#### EXERCISE INSTRUCTIONS:
Restate every line below word for word, but drop each picture.

#### DATA EXCERPT:
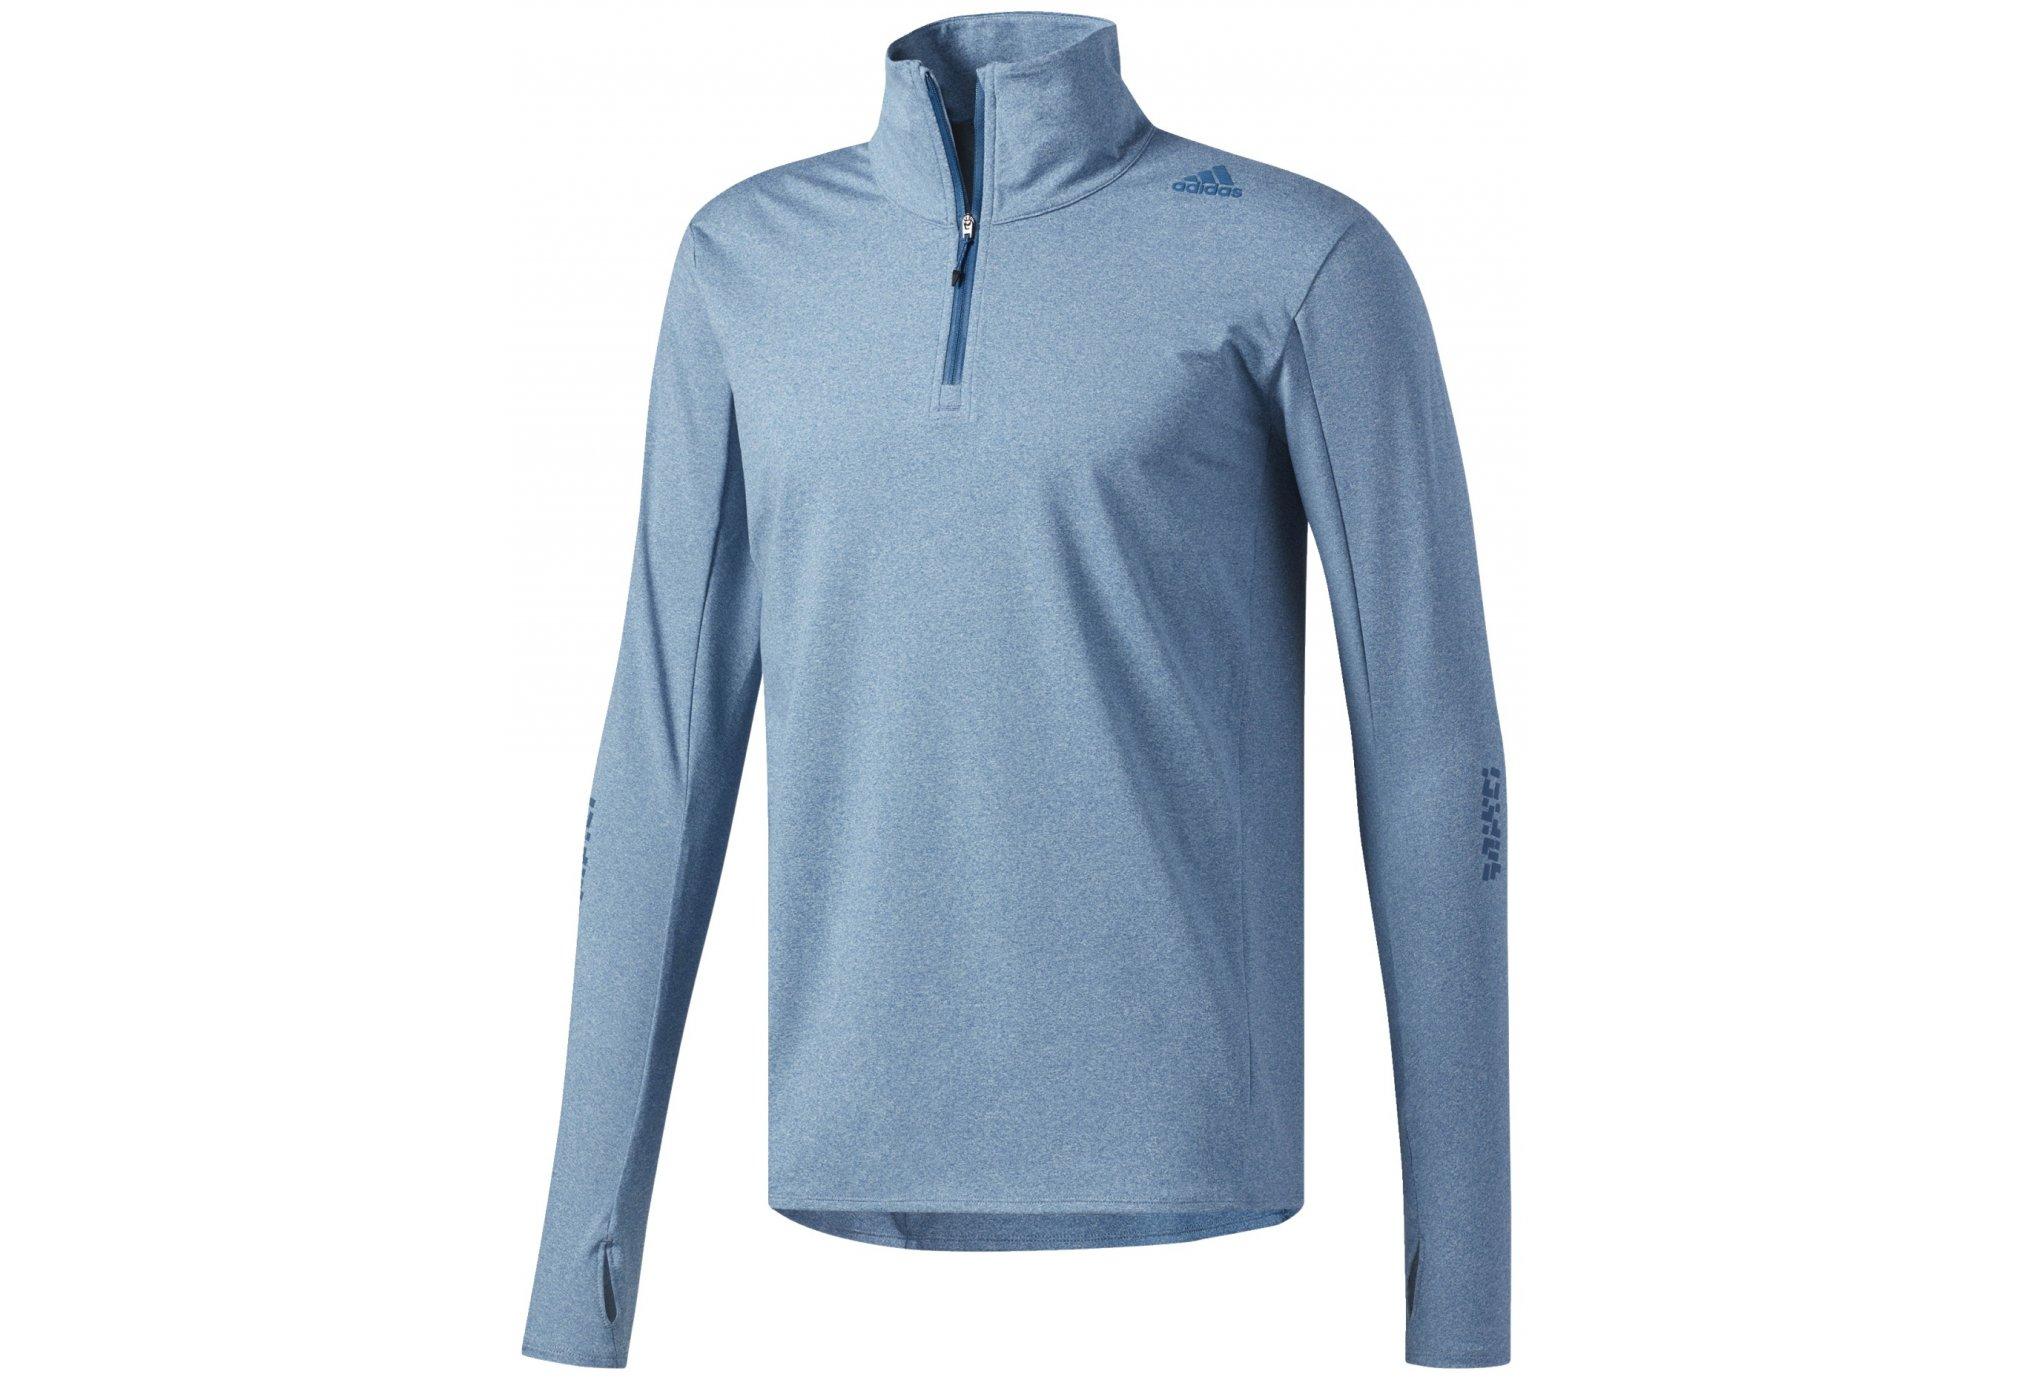 Adidas Supernova 1/2 zip m vêtement running homme
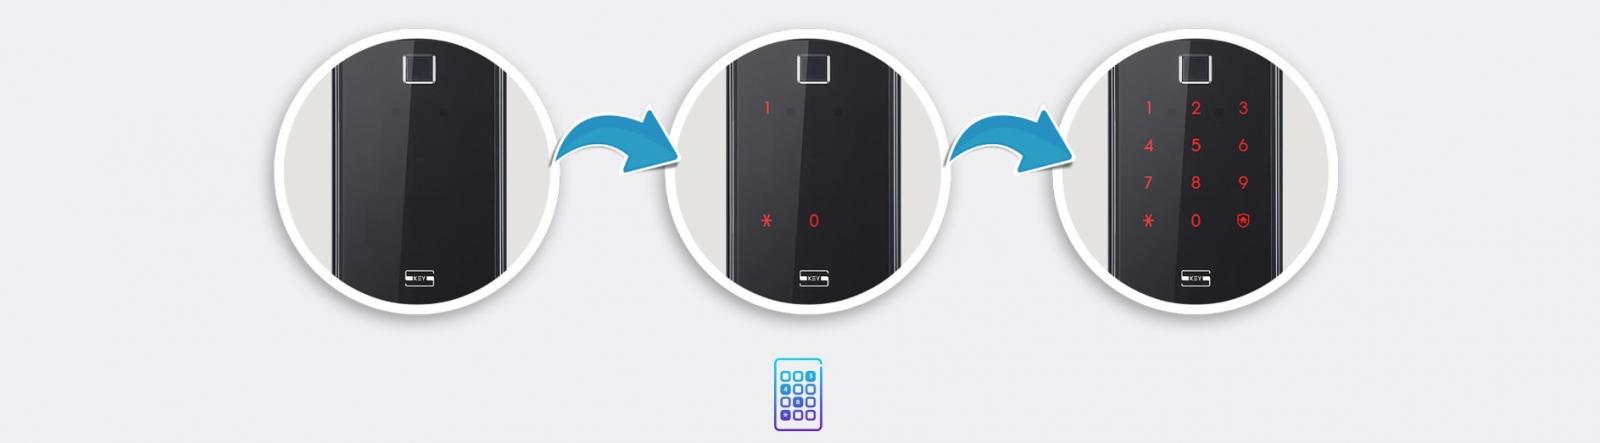 Khóa vân tay Samsung SHP-DR708
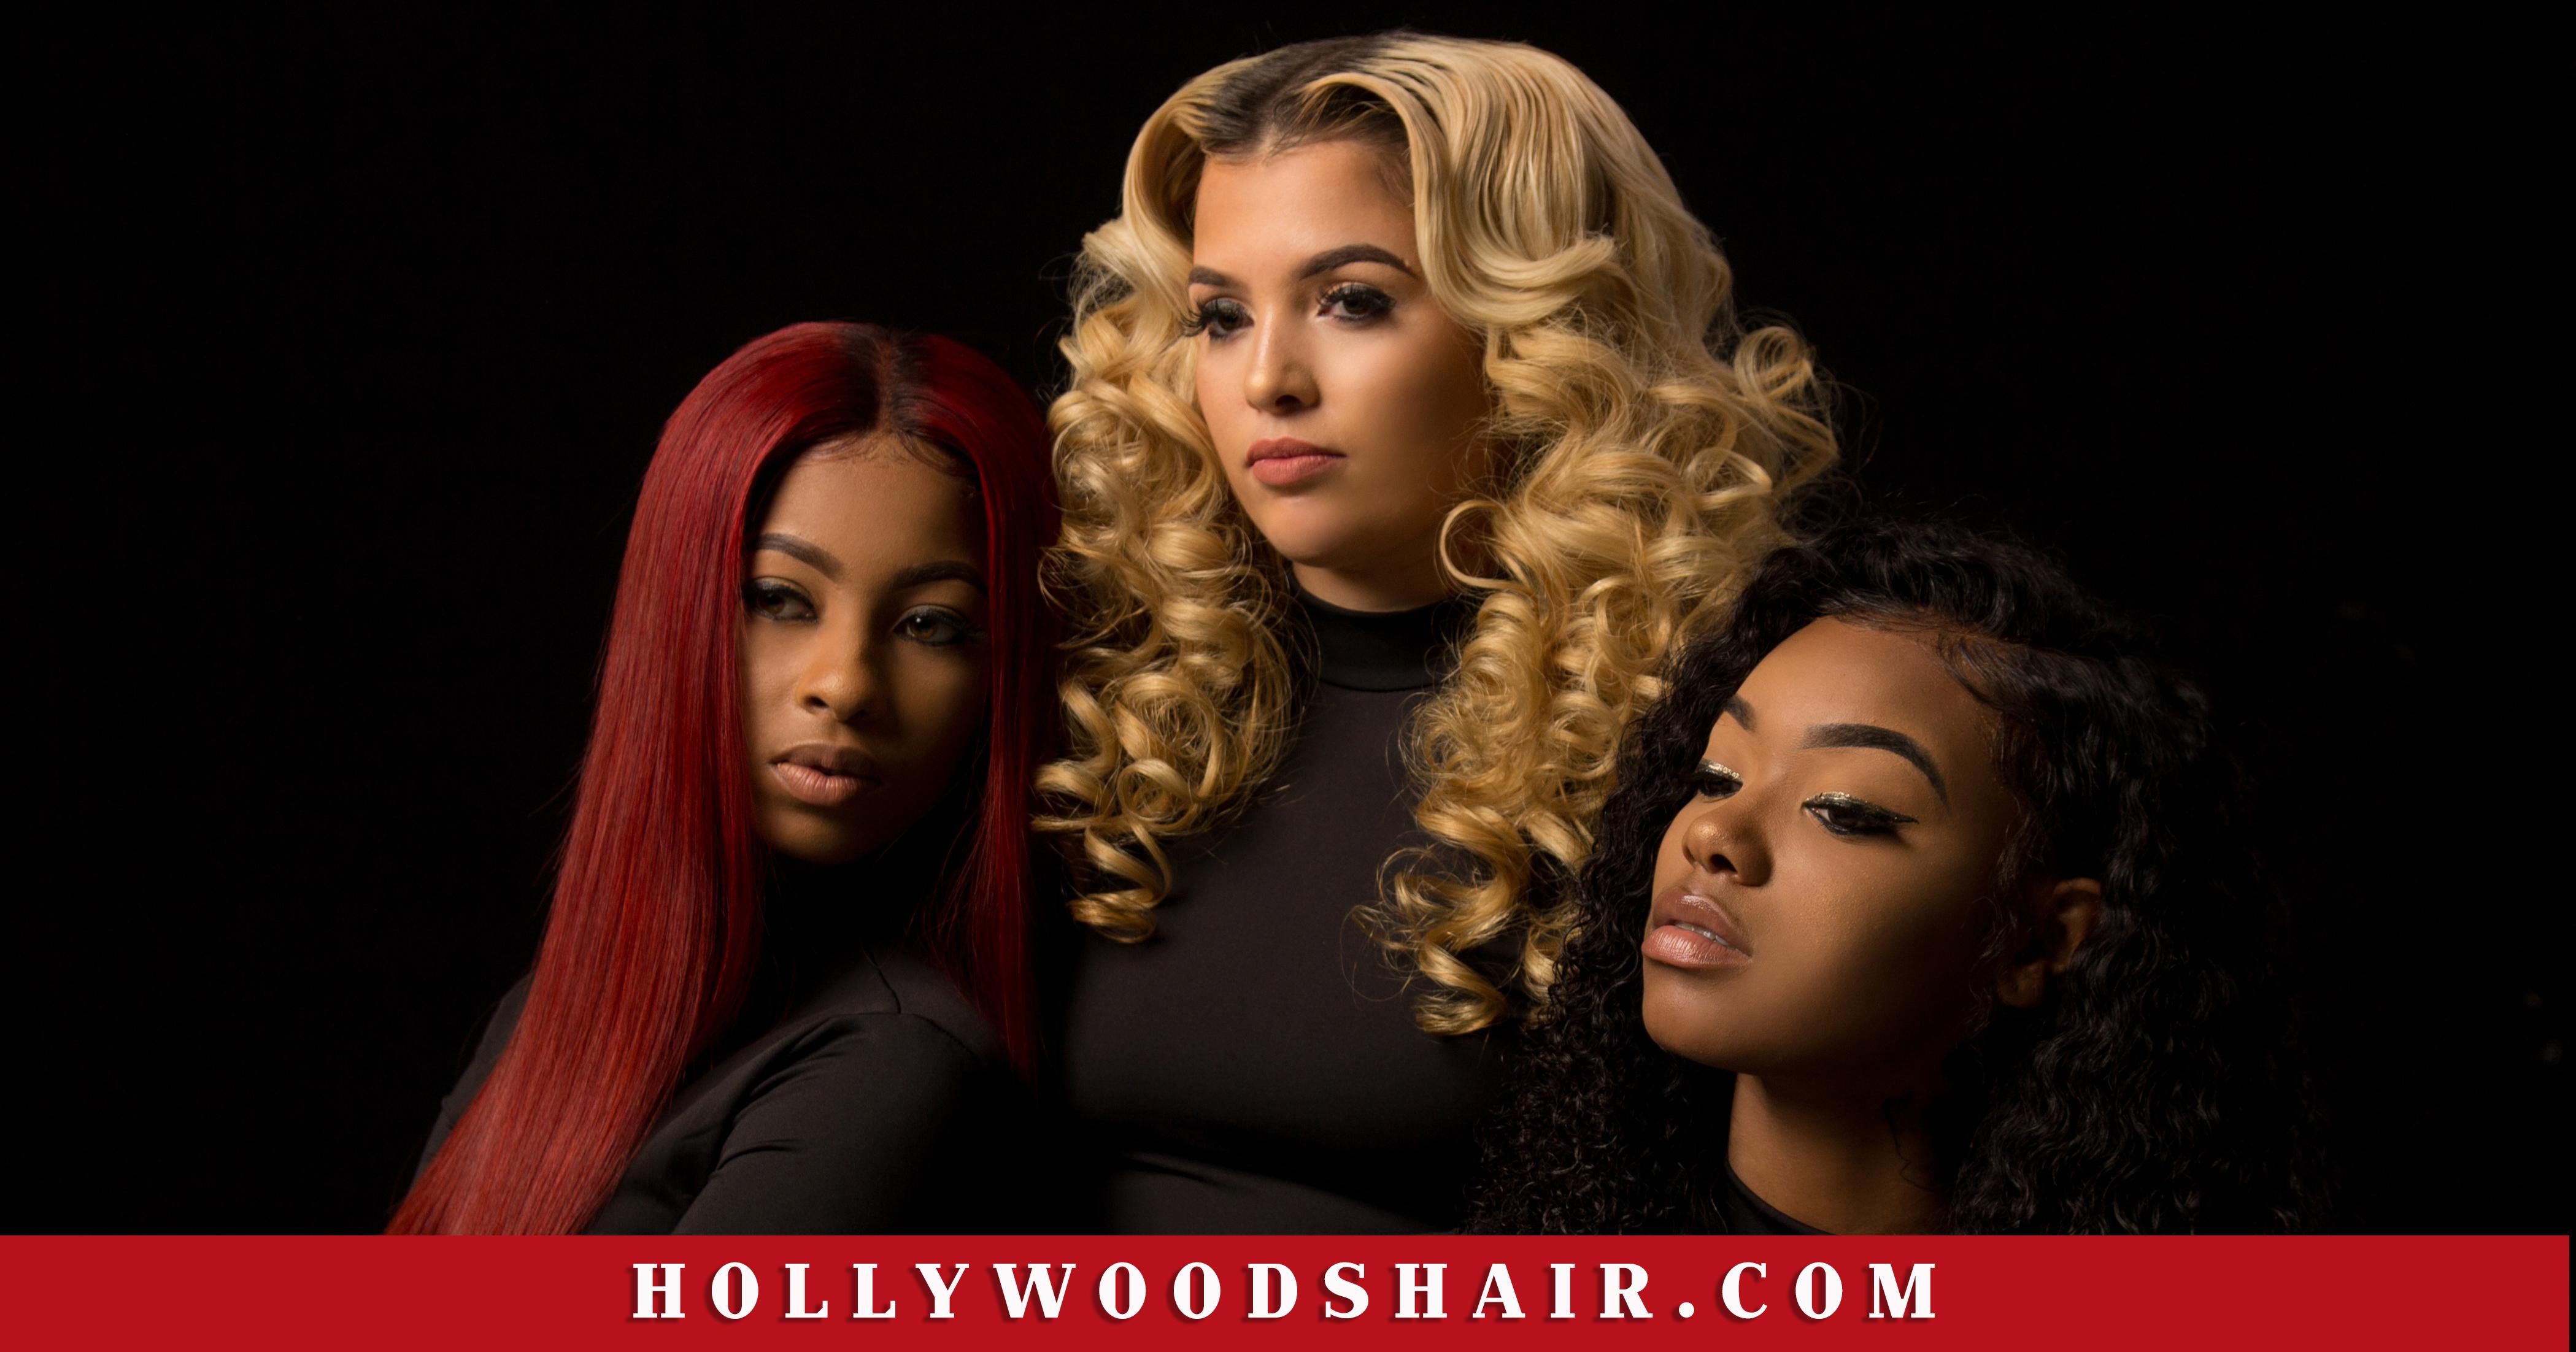 Hollywoods Hair Hollywood Studios

#### RESULT OF THE TASK:
 Adidas Supernova 1/2 zip m vêtement running homme
 Khóa vân tay Samsung SHP-DR708
 Hollywoods Hair Hollywood Studios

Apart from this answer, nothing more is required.